Let's try getting rid of the SVC to see if our model improves.

In [None]:
voting_classifier.estimators
voting_classifier.estimators_

In [None]:
voting_classifier.voting = "soft"

Let's use soft voting and predict the class with the highest probability averaged over all the individual classifier.

It usually does better than hard voting since it gives more weight to the classifiers that are more confident.

In [None]:
voting_classifier.score(x_val, y_val)

We get 0.9679 which isn't bad.

Let's try our test set.

In [None]:
voting_classifier.score(x_test, y_test)

We get 0.9657 which isn't as good as our validation set but still pretty good.

In [None]:
[estimator.score(x_test, y_test) for estimator in voting_classifier.estimators_]

Our Extra Trees Classifier is still better with 0.9723.

Let's try making a stacking ensemble with a blender to see if our model improves.

We take the classifiers from earlier to make predictions on the validation set and make a new training set with the predictions.

In [None]:
x_validation_predictions = np.empty((len(x_val), len(estimators)), dtype=np.float32)

for index, estimator in enumerate(estimators):
    x_validation_predictions[:, index] = estimator.predict(x_val)

x_validation_predictions

In [None]:
random_forest_blender = RandomForestClassifier(n_estimators=200, oob_score=True)
random_forest_blender.fit(x_validation_predictions, y_val)
random_forest_blender.oob_score_

We just trained our blender and created a stacking ensemble.

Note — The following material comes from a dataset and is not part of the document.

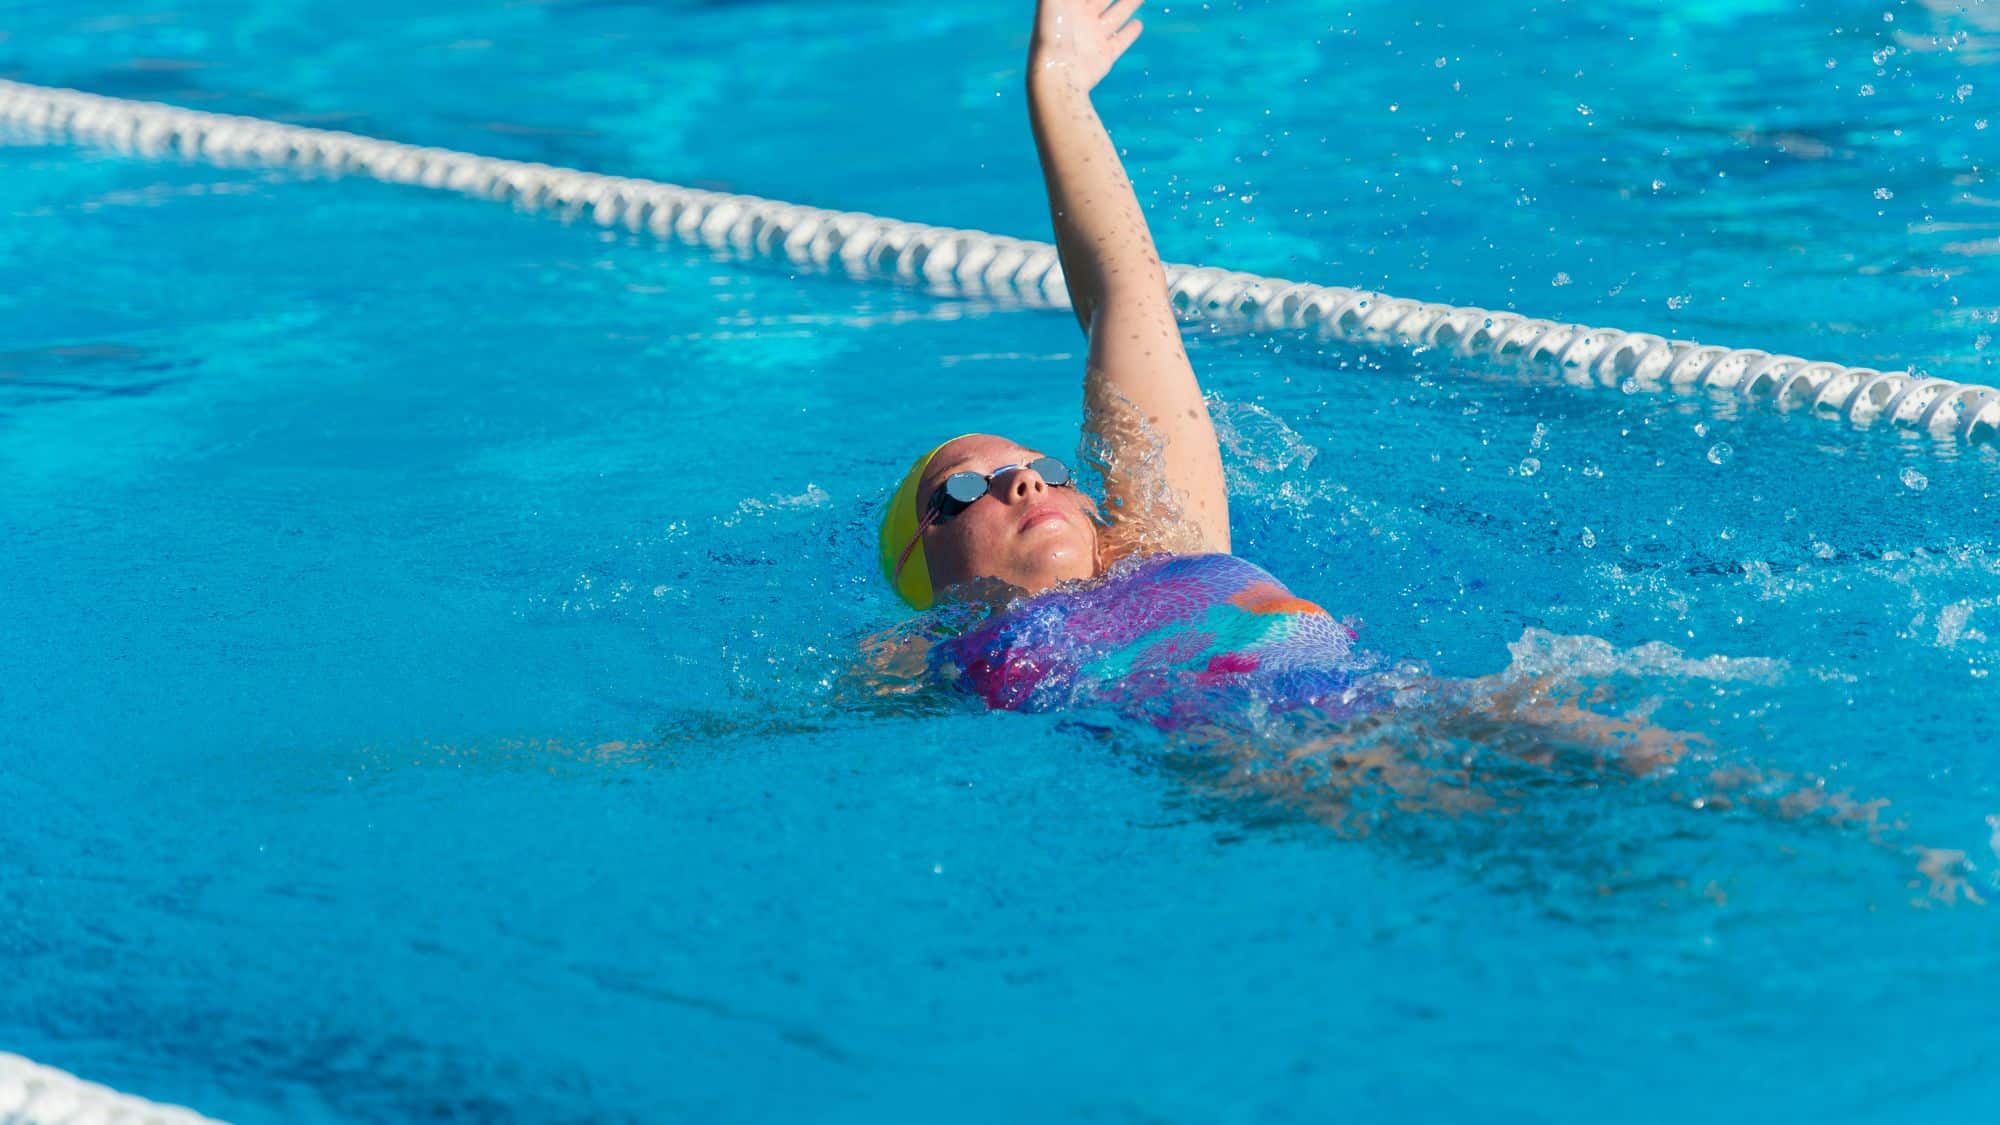 swimmer in lane demonstrating backstroke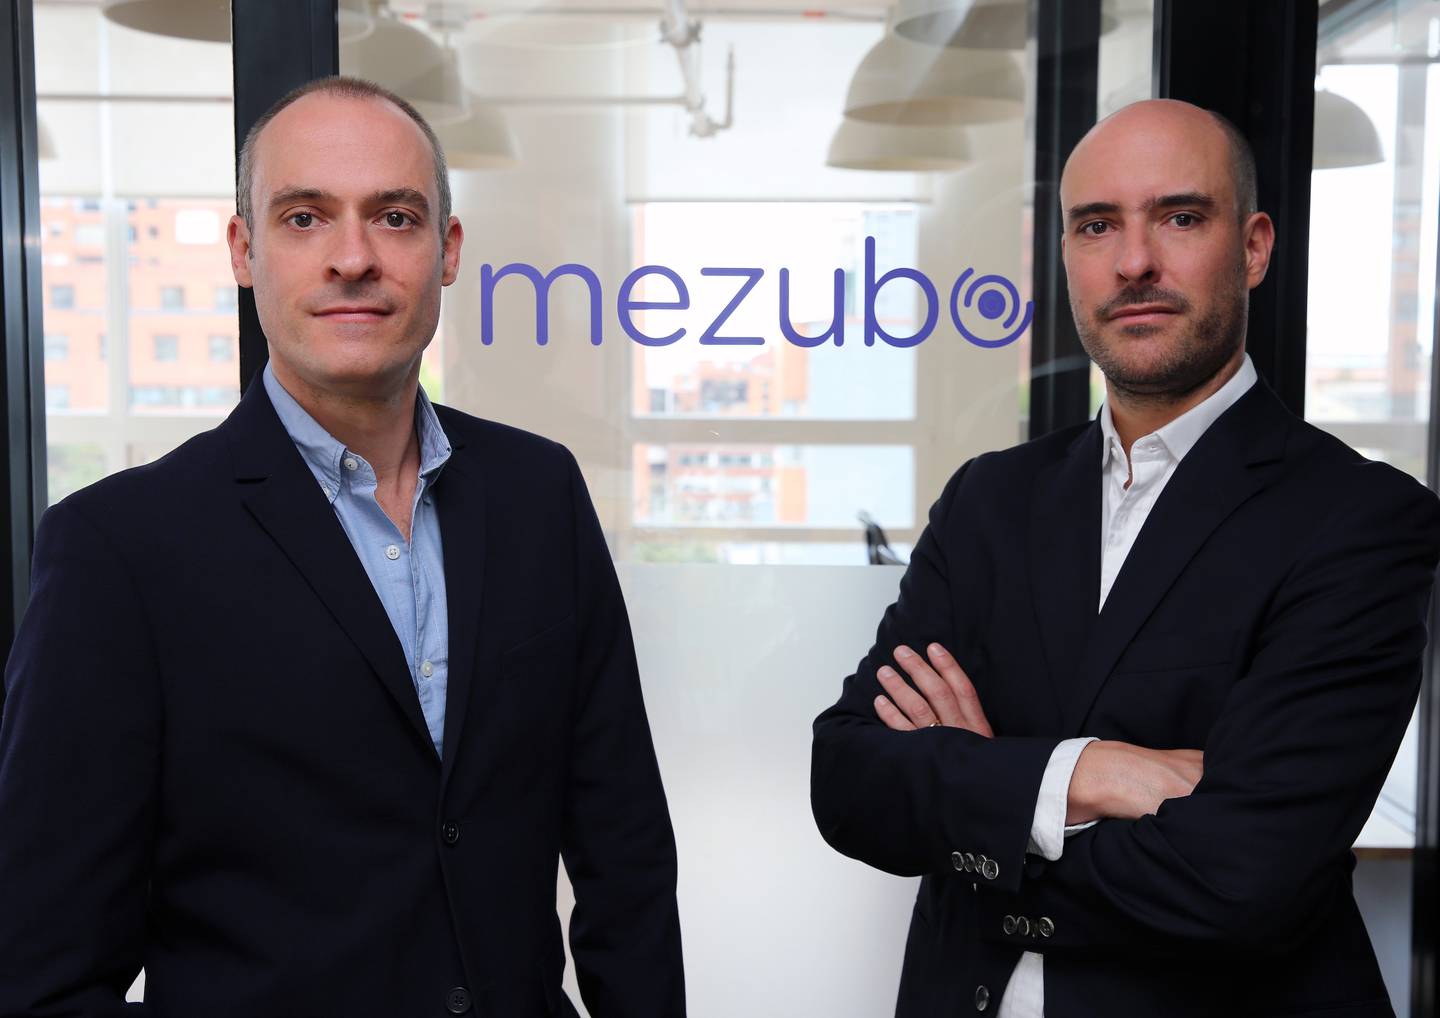 Los fundadores de Mezubo son Nicolas y Juan Sebastián Pardo, dos hermanos con experiencia en emprendimiento, finanzas y tecnología

Let's try it out on our test set and compare it to out voting classifier.

In [None]:
x_test_predictions = np.empty((len(x_test), len(estimators)), dtype=np.float32)

for index, estimator in enumerate(estimators):
    x_test_predictions[:, index] = estimator.predict(x_test)
    
y_pred = random_forest_blender.predict(x_test_predictions)
accuracy_score(y_test, y_pred)

Our accuracy score is 0.9682 which is better than our voting classifier's accuracy of 0.9657.

Great!